Language of Love
"You want to go to the grocery store with me?" I ask my youngest.
"Only if I can eat some cheese!" he says, with the shrewdness his brothers might negotiate for Cheetos, with their day-glo coating of "cheese-flavored" dust, more closely resembling deforestation agents than actual cheese.
But he means real cheese--not the imitation of its flavor by chemists who've evidently never tasted real cheese, not the vinyl textured processed kind, or the rubbery, bland ropes of it packaged for kids as string cheese. He means the cheese that is found on the opposite side of the supermarket from the dairy case, over by the deli, where tiny cubes of expensive, imported cheese are set out for sampling with frilled toothpicks. Crumbly, stinky, rind-skinned, glorious cheese.
This one knows the way to my heart is through his stomach. His brothers, raised at the same table, offered the same foods, wrinkle their noses at anything stronger than the little red wheels of Babyel -- baby cheese, a friend from France calls it. Pablum. They wrinkle their noses when something unfamiliar is set before them at the dinner table, or when they wander through a cloud of spices in the kitchen. Even his father, at 46, regards new dishes with an unconscious expression of suspicion. Not this one. He climbs up on the kitchen stool and breathes deep.
"What's that good smell?" he asks, as I fold dressing into boiled potatoes for salad.
"Fresh pepper," I say.
He inhales again, eyes closed.
"Dill weed, lemon juice, horseradish," I tell him, as if this were a Bible lesson, and I were teaching him names of the disciples.

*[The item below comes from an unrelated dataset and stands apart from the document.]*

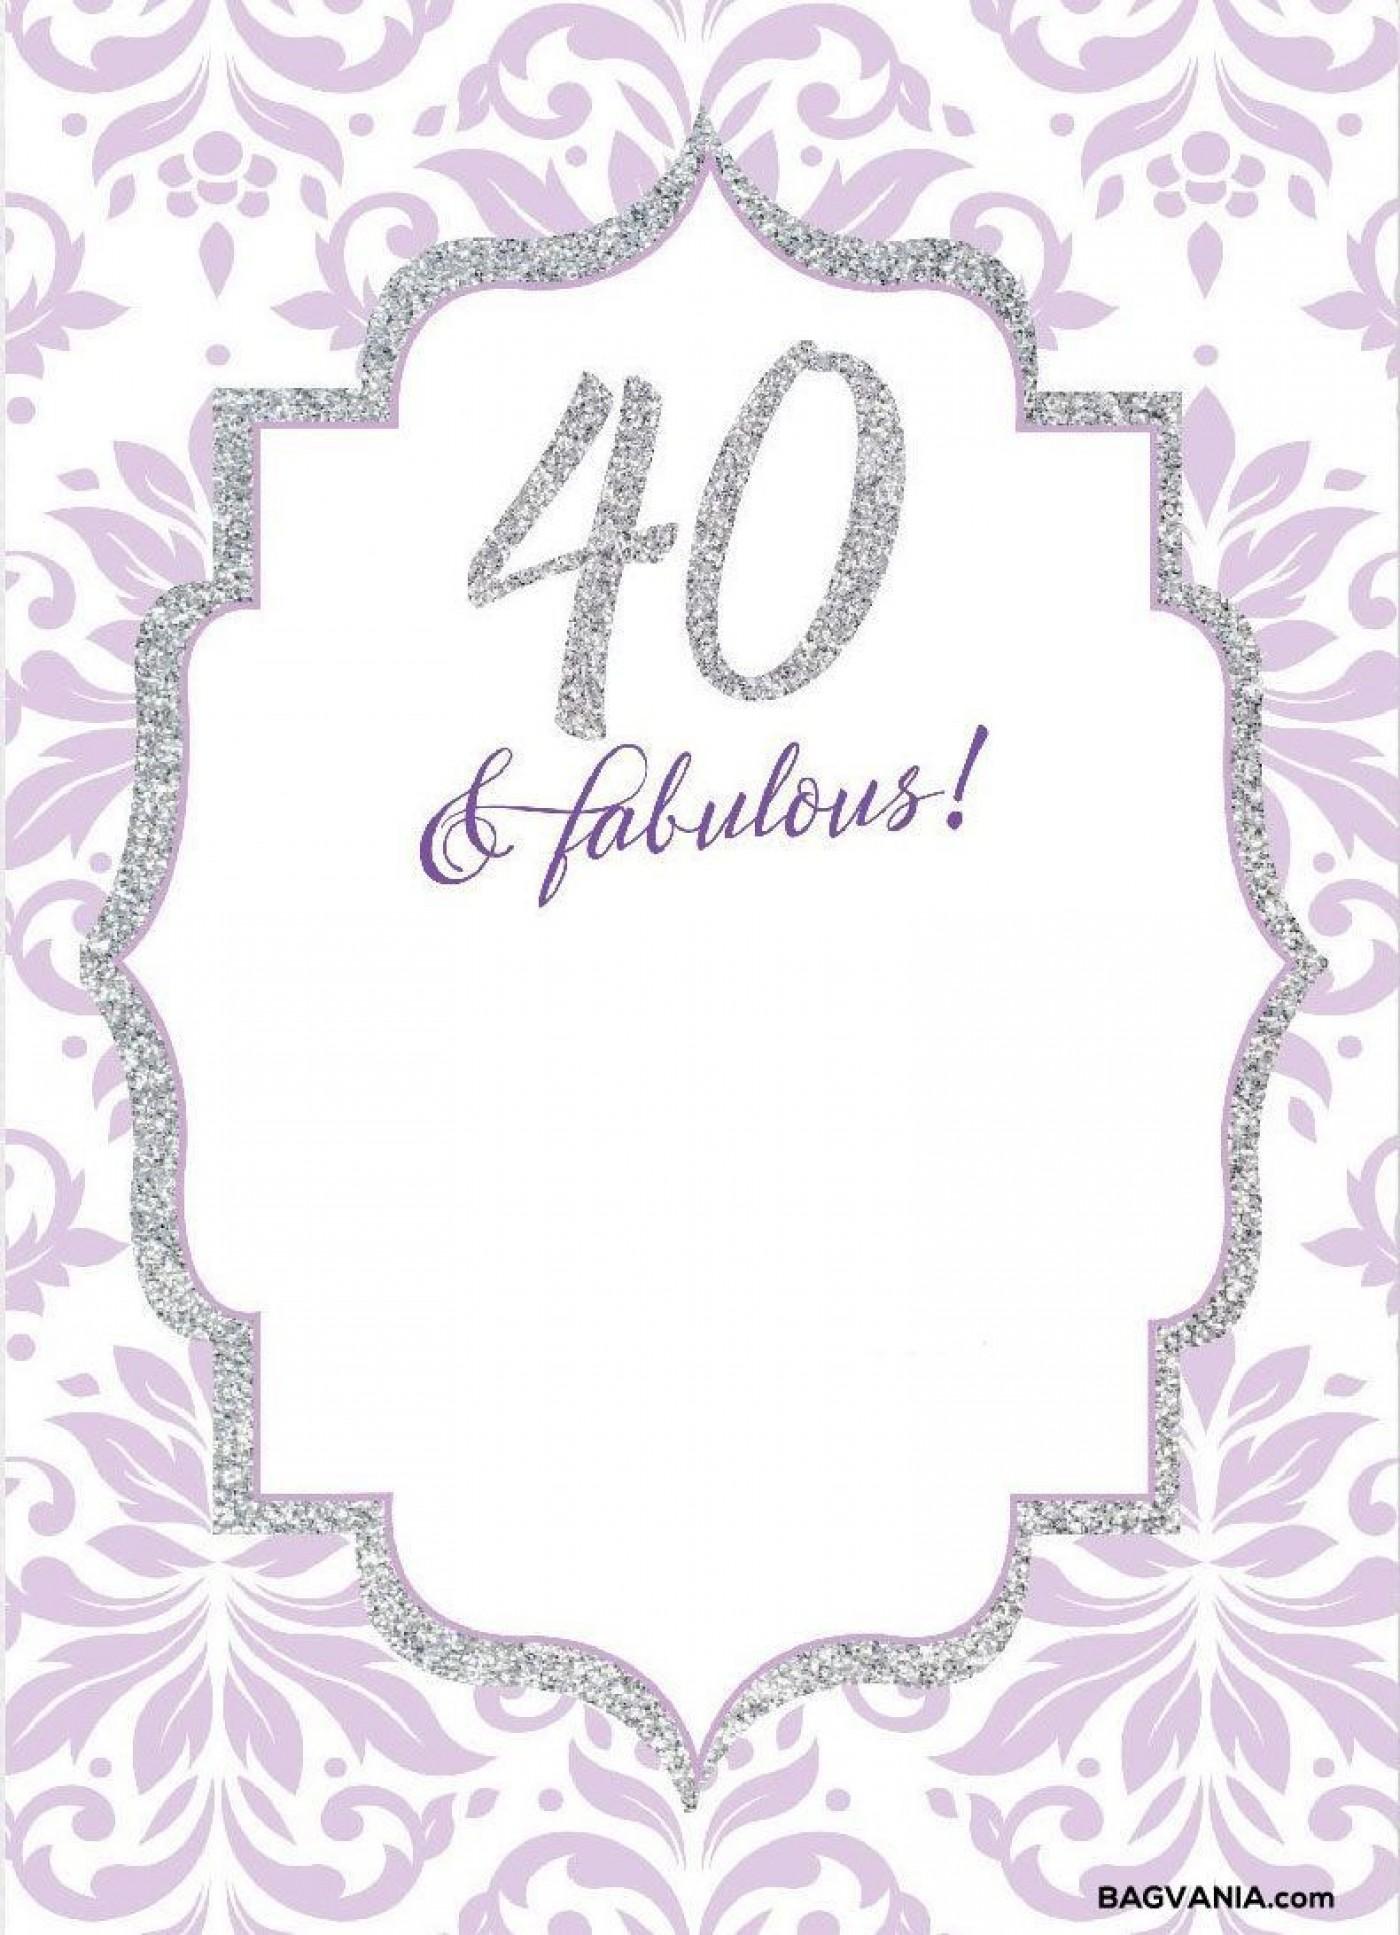 008 Wonderful 40th Birthday Party Invite Template Free Idea 1400

At the grocery store, we discover that all the cheese samples have been eaten. My budget is tight this week, and no amount of pouting would move me to add an off-list bag of chips or candy bar to our cart, but I console him by offering to buy a wedge of his choosing. He chooses an apricot-colored "Thousand-Day" gouda we've never tried. It costs twenty dollars a pound. We leave with a four-ounce piece, wrapped in cellophane. Edible gold.
We don't even wait to get it home, but eat it in the parking lot, making ecstatic cheese noises, the conversation that needs no words, speaking each other's language.